All participants will be informed of the benefits of healthy lifestyle habits, such as regular exercise and healthy eating. The study group will receive acupuncture and clomiphene citrate treatment; the control group will receive only clomiphene citrate. The intervention in both groups will last three menstrual cycles. Acupuncture treatments will be given by professional acupuncturists with at least 2 years of practical acupuncture experience.

Acupuncture treatment

Acupuncture points will be selected based on the Zang-fu organ system, Yin-Yang theory, and clinical rules for PCOS acupoint selection. Two sets of acupoints will be used; each set will be used on alternate treatments. The first acupoint formula comprises DU-20, DU-24, GB-13, RN-12, ST-25, RN-4, EX-CA-1, KI-12, SP-6, and LR-3. The second acupoint formula comprises BL-23, BL-32, SP-6, and KI-3. Disposable, single-use, sterilized needles (Huatuo, Suzhou Medical Appliance Fact. 215005 Suzhou, China) of sizes 0.25 mm × 25 mm, 0.25 mm × 40 mm, and 0.25 mm × 50 mm will be inserted into the acupoints, and a Deqi sensation obtained by manipulating the needles. Table 2 shows the location, depth, and type of insertion for each acupoint. Each treatment will last for 30 min; no manipulation will be used once the Deqi sensation is achieved. The acupuncture treatment will be conducted three times a week from the fifth day of menstruation or withdrawal bleeding until the start of the next menstruation, for up to three menstrual cycles.
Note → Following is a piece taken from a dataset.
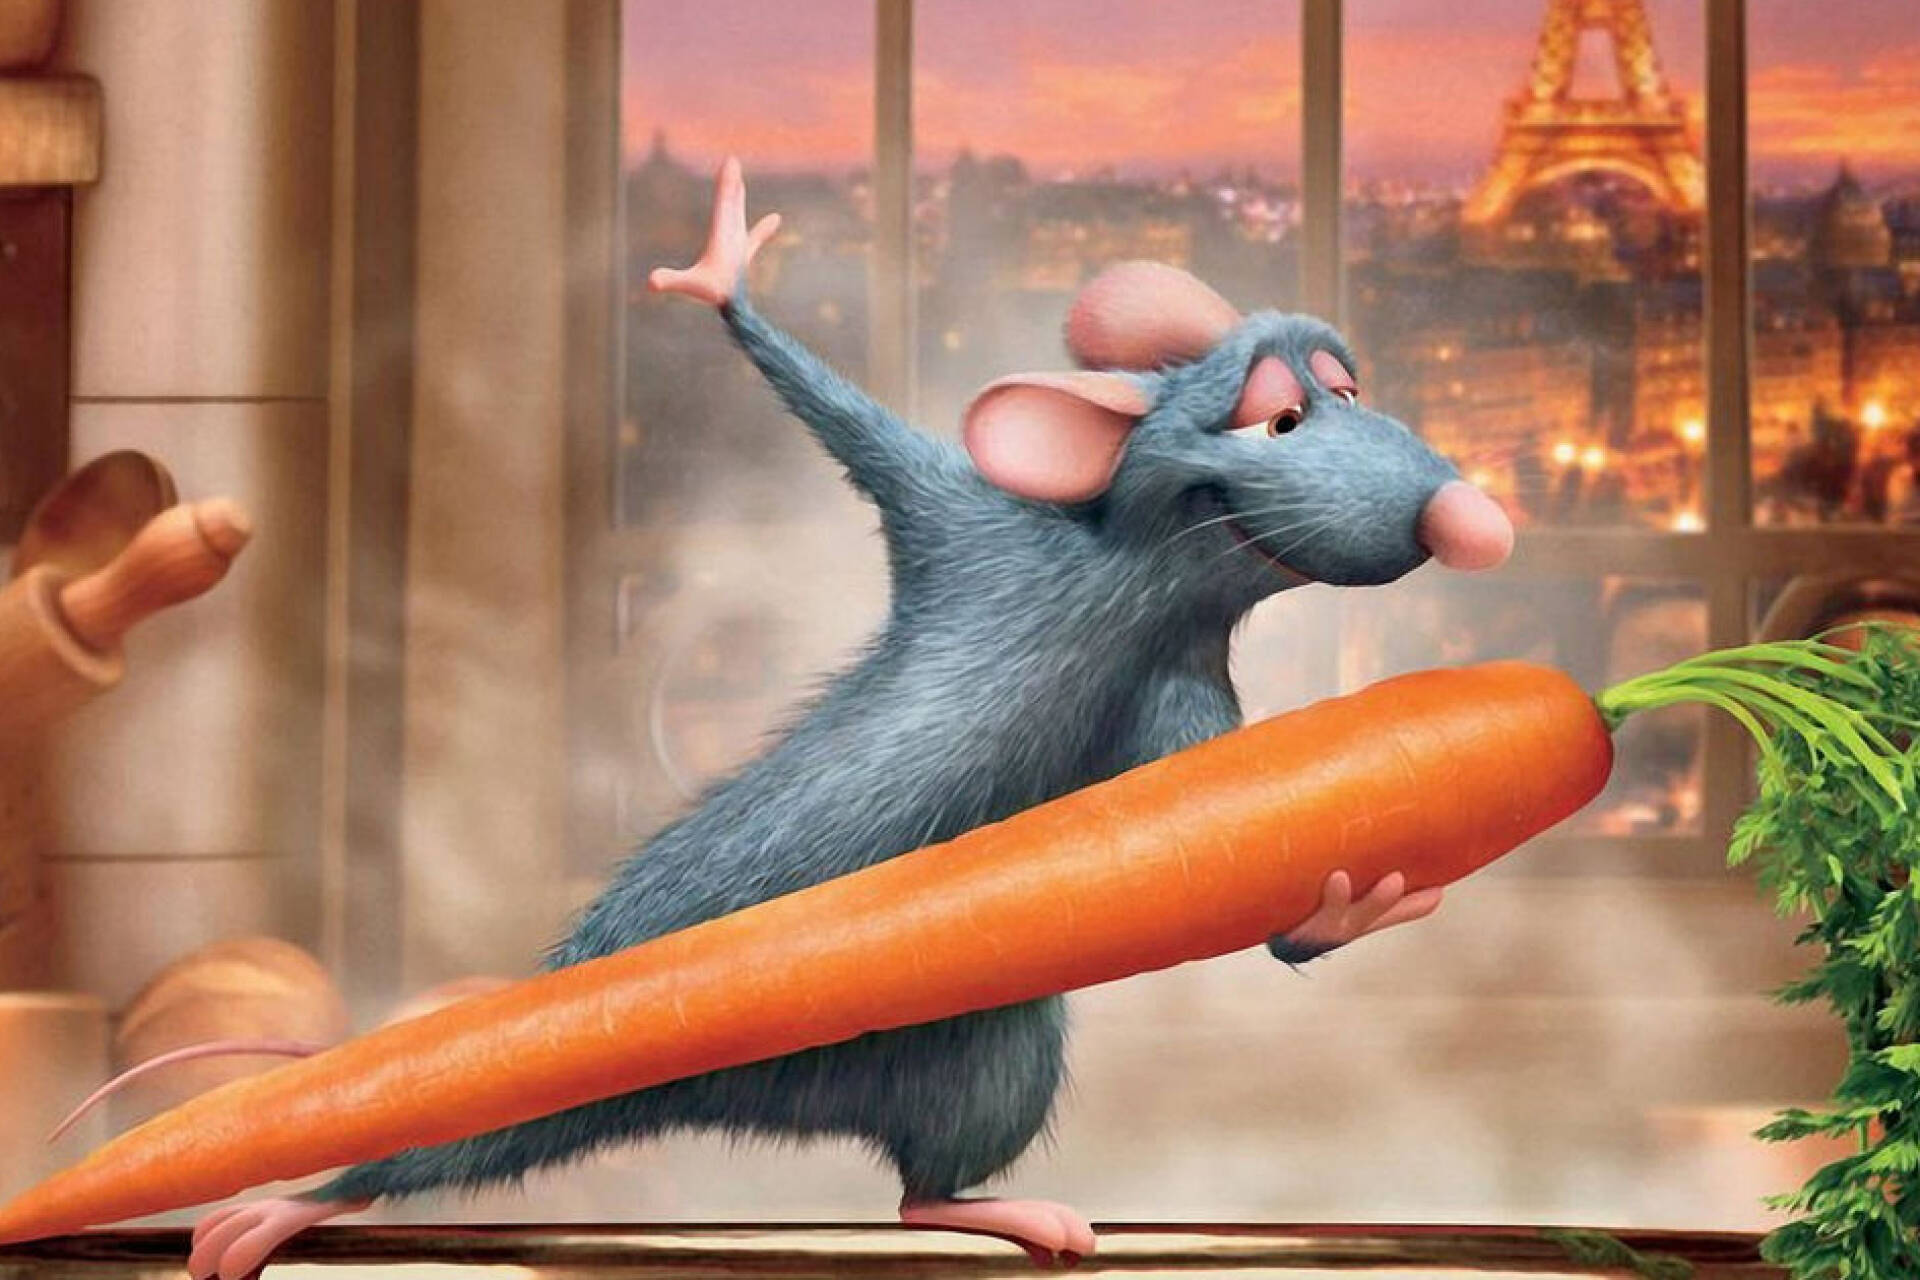 A still from the movie 'Ratatouille'

Table 2 Acupuncture protocol
Full size table

Clomiphene citrate treatment

Clomiphene citrate treatment will be administered on the fifth day of menstruation to participants without amenorrhea in the study and control groups. Participants will receive treatment with an initial oral dose of 50 mg for 5 continuous days. If there is an ovulatory response, this dose will be maintained and will be given on the next cycle. For patients with no ovulatory response, an additional 50 mg dose will be given on the next cycle; the maximum dose of clomiphene citrate will not exceed 150 mg. Patients with amenorrhea will receive the same pharmacological treatment regimen after withdrawal bleeding has been induced by progestin. The treatment will last for three menstrual cycles.

Outcome measures

Primary outcome

The primary outcome will be the change of LH/FSH. Data will be collected before the start of the study (the baseline assessment) and after 3 menstrual cycle treatments.

Secondary outcomes

The secondary outcomes will include changes in biometric features, changes in hormonal parameters/metabolic parameters/inflammatory parameters, changes in Self-Rating Anxiety Scale (SAS) and Self-Rating Depression Scale (SDS) scores, and changes in gut microbiome analysis. Data will be collected before the start of the study and after 3 menstrual cycle treatments.
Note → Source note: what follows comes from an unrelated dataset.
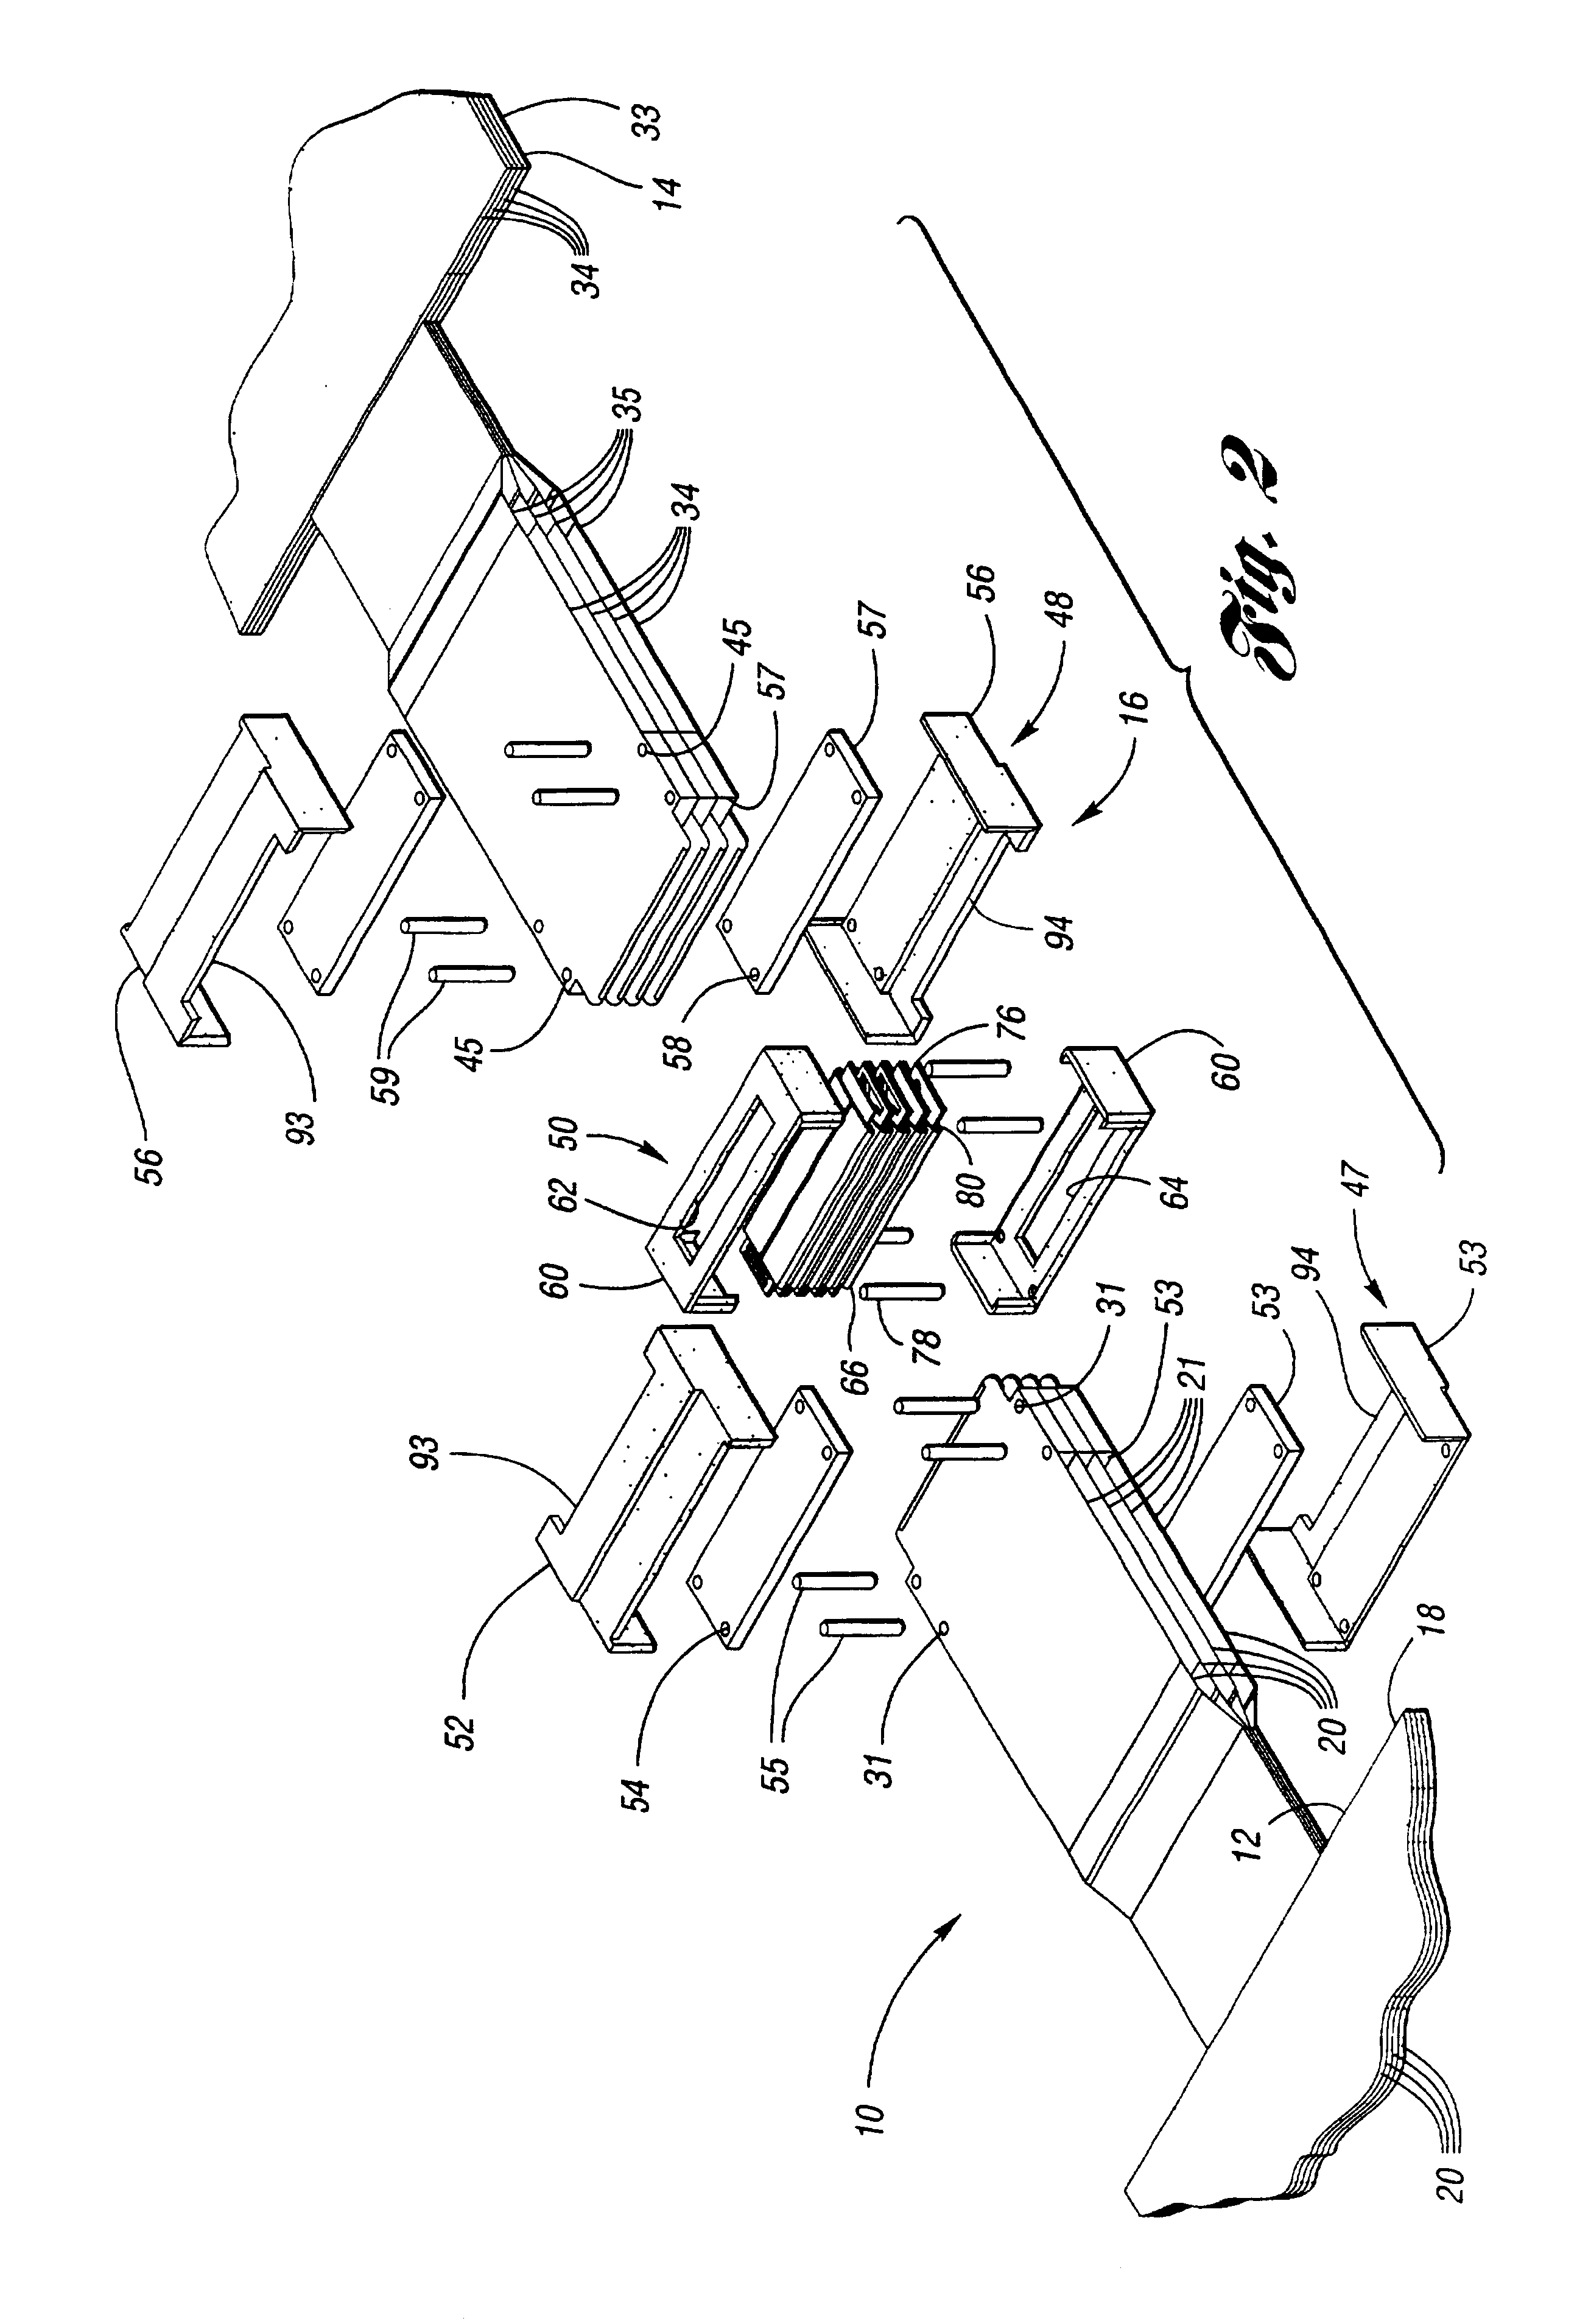 Method of forming alignment features for conductive devices

Biometric features related to obesity, including BMI and waist will be assessed. BMI will be calculated in kg/m2. Waist circumference will be measured as the smallest circumference between the lowest rib and the iliac crest [52, 53]. Blood samples to assess hormonal parameters, metabolic parameters, and inflammatory parameters will be collected in the morning after an overnight fast, on day 3 of a menstrual cycle. Sex hormonal parameters will include FSH, LH, total testosterone, progesterone, and estradiol. The adipocyte-secreted hormone will be assessed by leptin, which was discovered in 1994 and can cause abnormal energy homeostasis and profound obesity [54, 55]. Leptin circulates primarily at levels proportional to the amount of adipose tissue, signaling long-term energy storage, and secondarily at levels modified by acute changes in caloric intake [56]. Leptin should decrease weight when circulating at high levels [57], and it plays a clear role in obesity etiology [58]. The metabolic parameters will include fasting blood glucose (FBG), fasting insulin (FINS), homeostatic model assessment for insulin resistance (HOMA-IR), c-peptide release tests, total cholesterol (TC), triglycerides (TG), high-density lipoprotein (HDL-C), and low-density lipoprotein (LDL-C). HOMA-IR will be calculated using the following formula: FBG (mmol/L) × FINS (mIU/L)/22.5 [59]. Inflammatory parameters will include C-reactive protein (CRP), interleukin-6 (IL-6), interleukin-18 (IL-18), and interleukin-22 (IL-22). These cytokines are related to inflammatory cytokines involved in PCOS [60,61,62]. SAS and SDS scores will be used to assess the patients’ mental health. The Self-Rating Anxiety Scale (SAS) and Self-Rating Depression Scale (SDS) can discriminate anxiety and depression from mood disorder and have been used continuously in research since 1972 [63, 64].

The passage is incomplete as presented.